In Russian every verb has a distinction of perfective and imperfective, but in Japanese we don't have.

Imagine there's no tense, no perfective/imperfective distinction in Japanese. There would be at all if you bother to think about it.


----------



## tkekte

I think I understand. Japanese verbs can be inherently perfective, inherently imperfective, or none.
shiru - inherently imperfective (to acquire knowledge)
wakaru - inherently perfective (to have knowledge)
taberu - neither
Is that right?
And if so, would wakatteiru mean something like "to be understanding"? (ie, in the process of trying to grasp the meaning of something .. so kinda synonymous with "learning"?)

Btw, what's manabu's inherent aspect?
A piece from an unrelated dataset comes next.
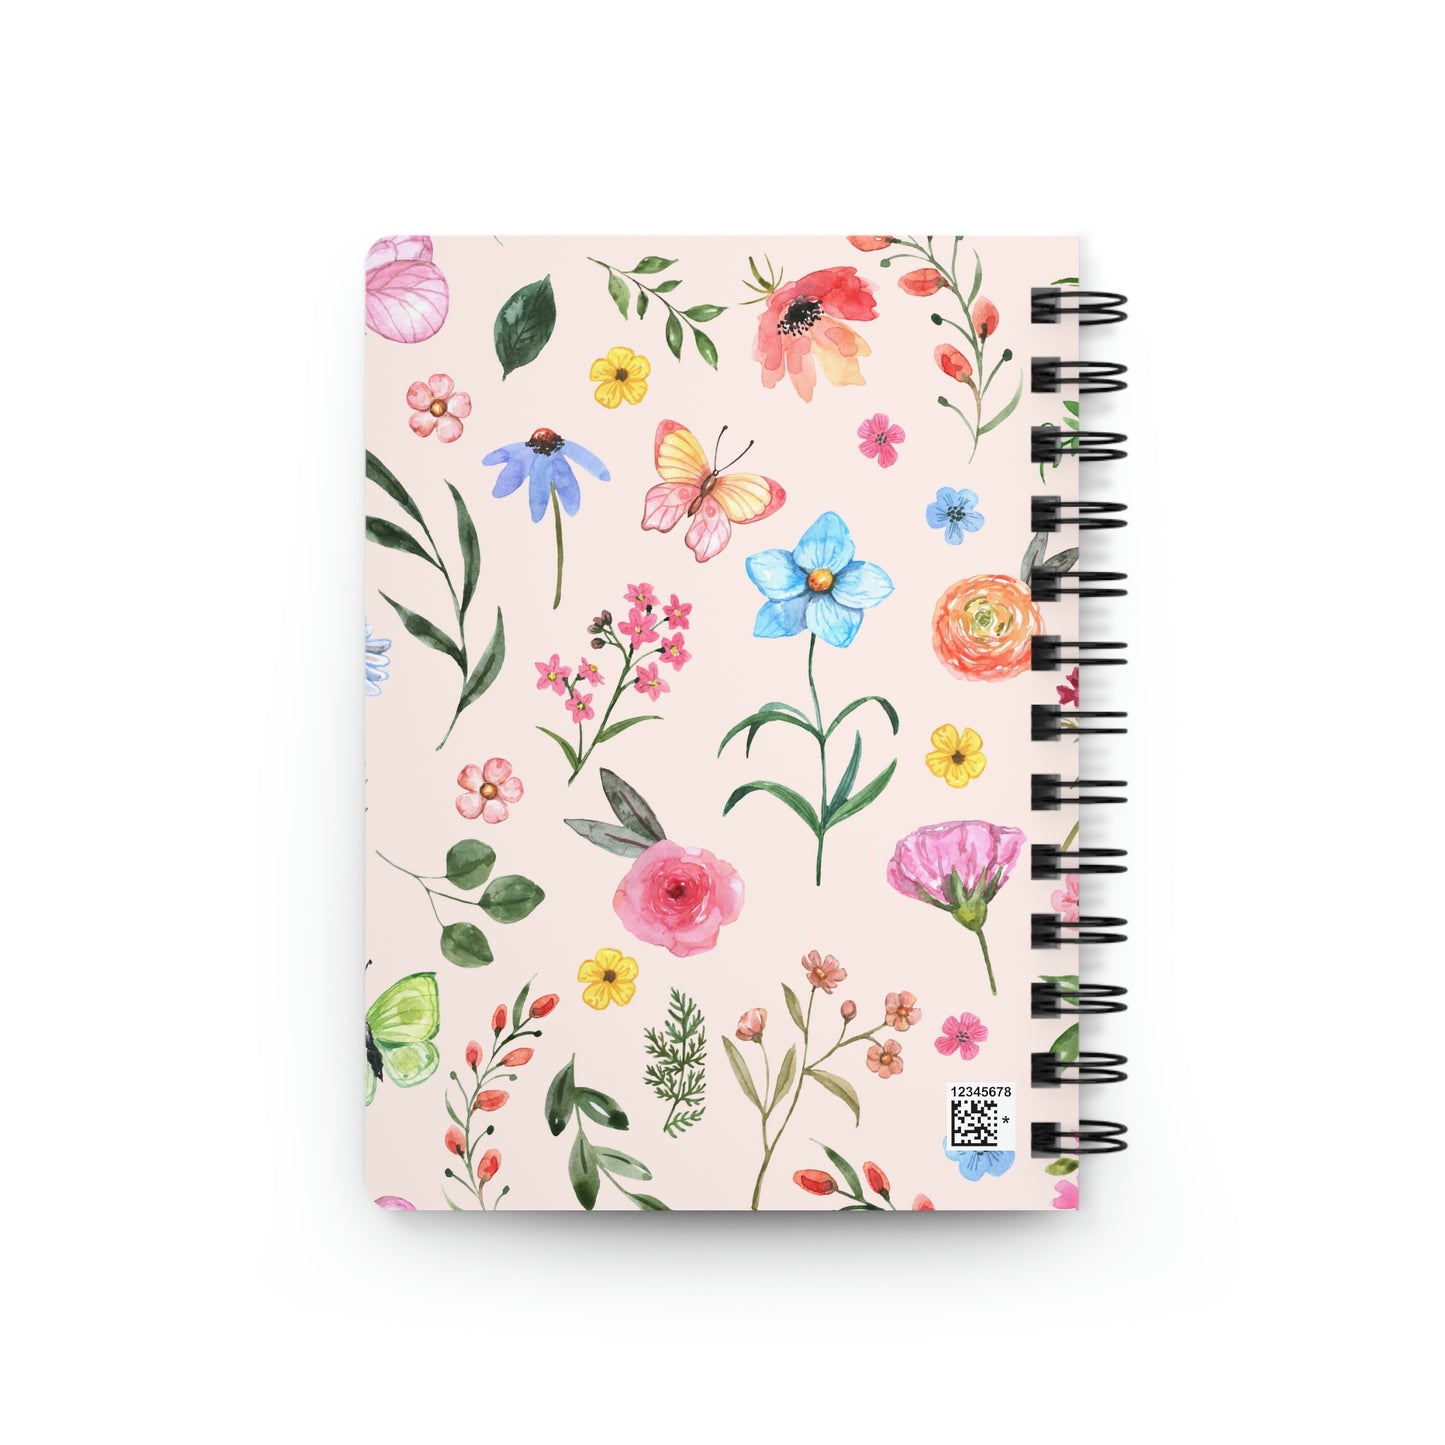 Spring Daisies and Butterflies Spiral Bound Journal

This is apparently important information about verbs that's omitted in dictionaries. :<

She is learning to cook ~ kanojo ha chouri shite koto wo manandeiru ? Or manabu? (there's probably other mistakes too )


----------



## tkekte

On second thought, it seems that wakaru is inherently aspectless also...
Perhaps it's just "inherently perfective" and "aspectless"? I can't think of an inherently imperfective verb. sawagu? iku? naku?


----------



## Captain Haddock

tkekte said:


> I think I understand. Japanese verbs can be inherently perfective, inherently imperfective, or none.
> shiru - inherently imperfective (to acquire knowledge)
> wakaru - inherently perfective (to have knowledge)
> taberu - neither
> Is that right?



Most Japanese grammarians now put verbs in four categories depending how their tenses and aspects work: stative, durative, punctual, and "4th group".

• Stative verbs like wakaru indicate a present/future state with their present tense, and the shite-iru form is _usually_ impossible.

• Durative verbs indicate general or future action with their present tense, and continuing or completed action with their shite-iru form. Example: taberu.

• Punctual form indicate momentary action with their dictionary form, and a resulting state in their shite-iru form. Shiru, meaning "to learn", is usually used in its shitte-iru form, meaning "to know".



> And if so, would wakatteiru mean something like "to be understanding"?



That form is rather an exception, and not used too often it seems to me.



> Btw, what's manabu's inherent aspect? This is apparently important information about verbs that's omitted in dictionaries. :<



I believe 学ぶ, meaning to study or learn, is durative. 
学ぶ = I study, will study
学んだ = studied
学んでいる = am studying, have studied



> She is learning to cook ~ kanojo ha chouri shite koto wo manandeiru ? Or manabu? (there's probably other mistakes too )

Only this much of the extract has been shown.